*** EXERCISE MATERIAL
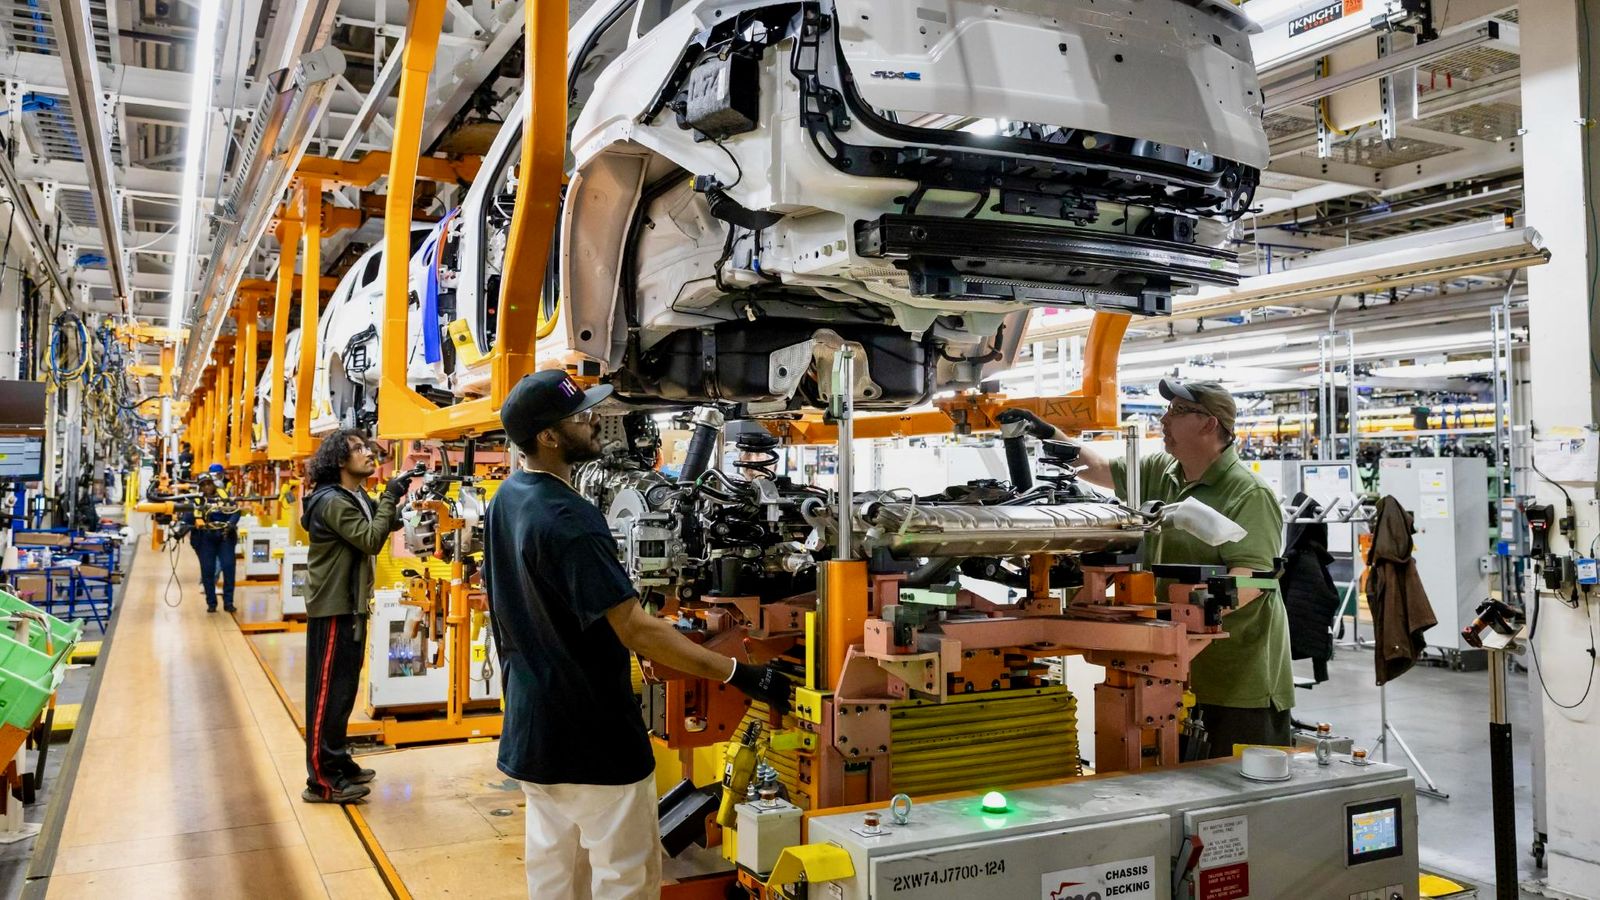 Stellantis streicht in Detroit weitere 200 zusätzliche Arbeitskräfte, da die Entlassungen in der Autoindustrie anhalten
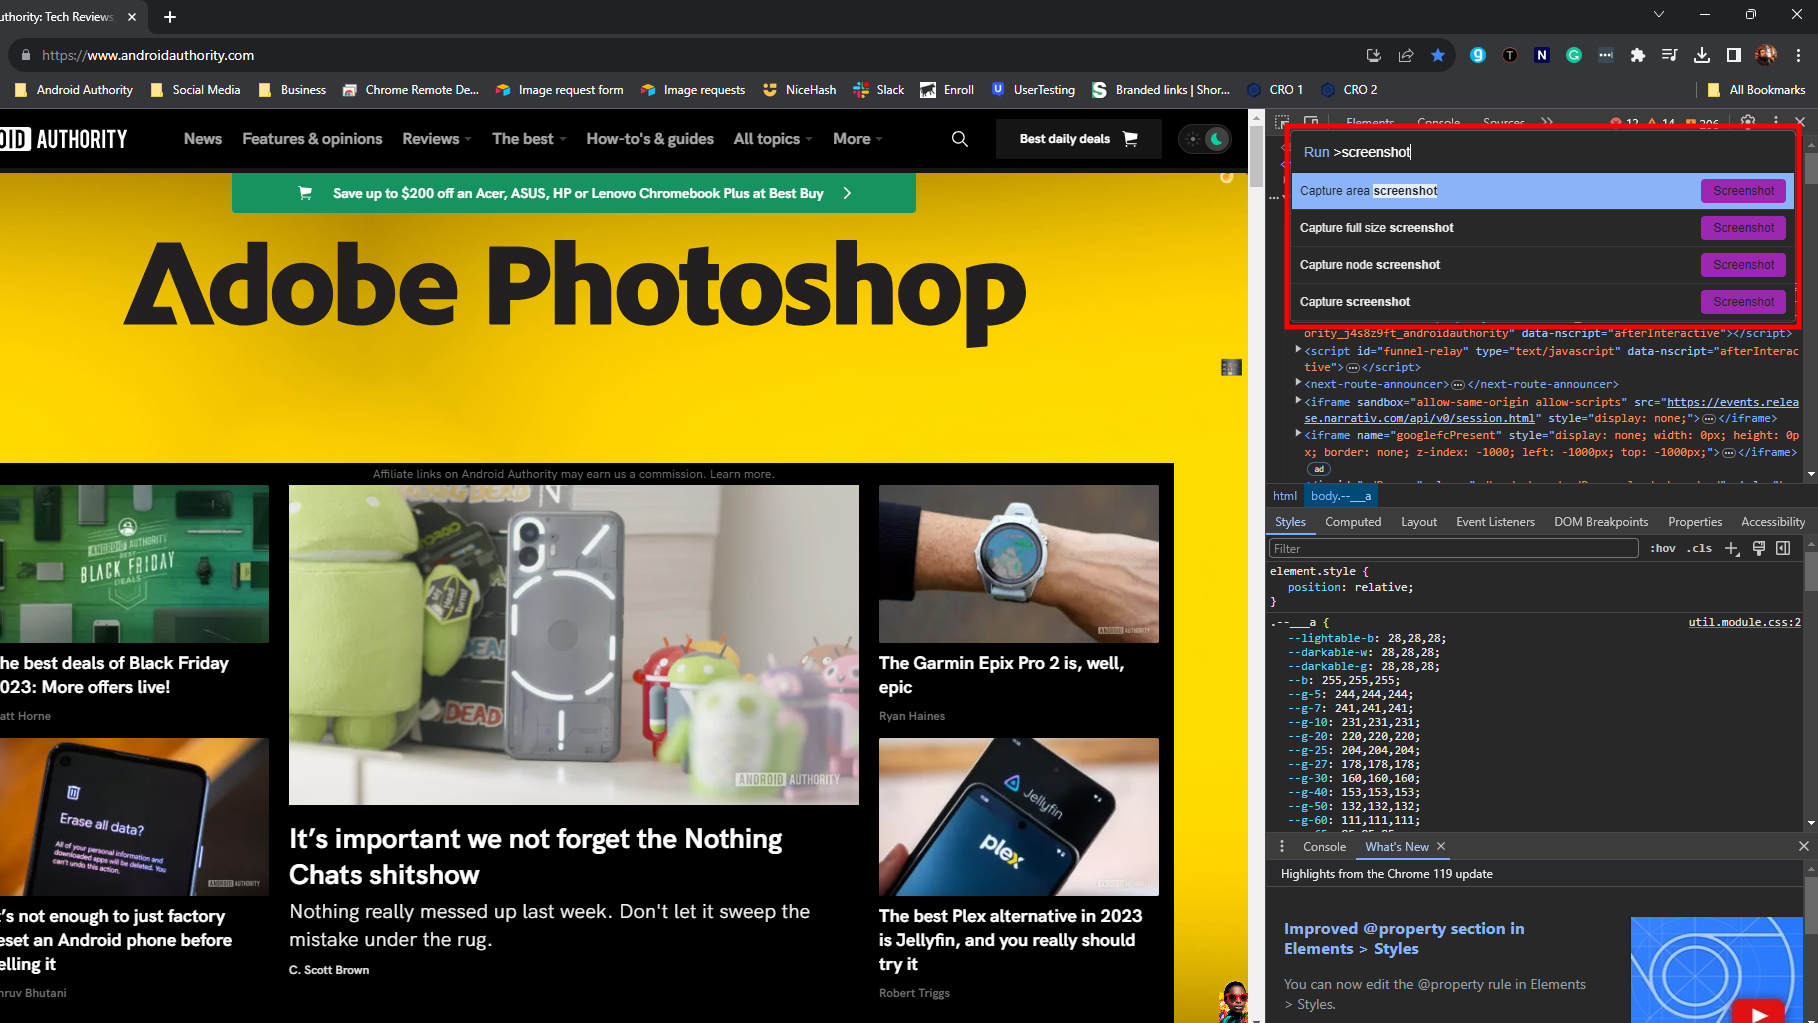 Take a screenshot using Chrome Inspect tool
******
*** EXERCISE MATERIAL
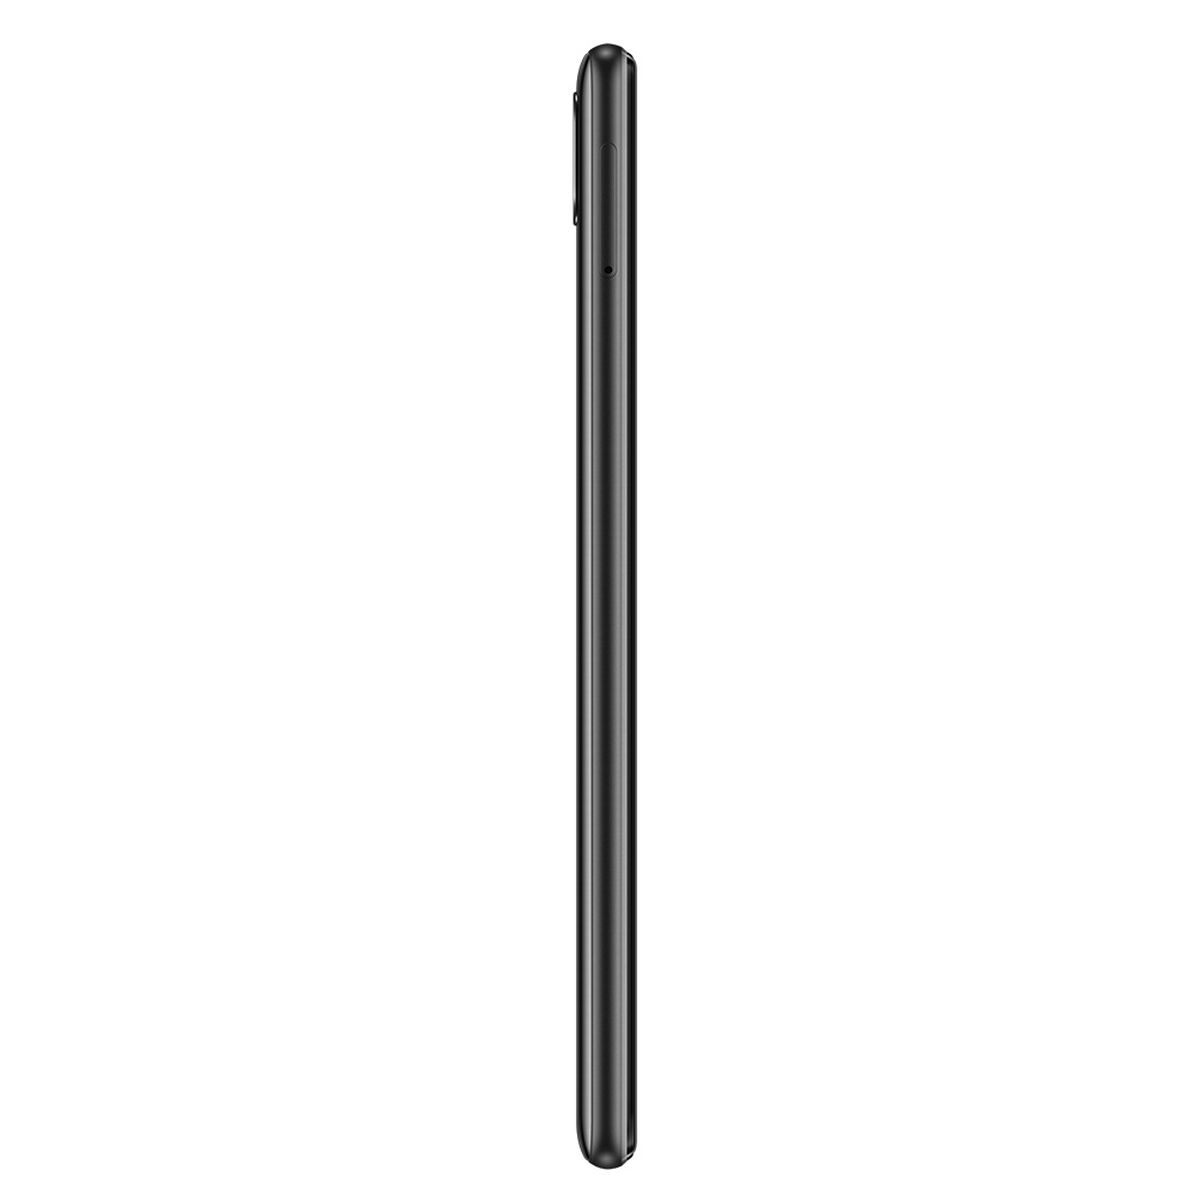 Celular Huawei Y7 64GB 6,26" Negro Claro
******
Please repeat, exactly as written, the lines in the records above, starting with the one that has "Stellantis streicht in" and going on through the one that has "Take a screenshot using Chrome Inspect tool". Pictures are to be left out.

RESPONSE BOX:
 Stellantis streicht in Detroit weitere 200 zusätzliche Arbeitskräfte, da die Entlassungen in der Autoindustrie anhalten
 Take a screenshot using Chrome Inspect tool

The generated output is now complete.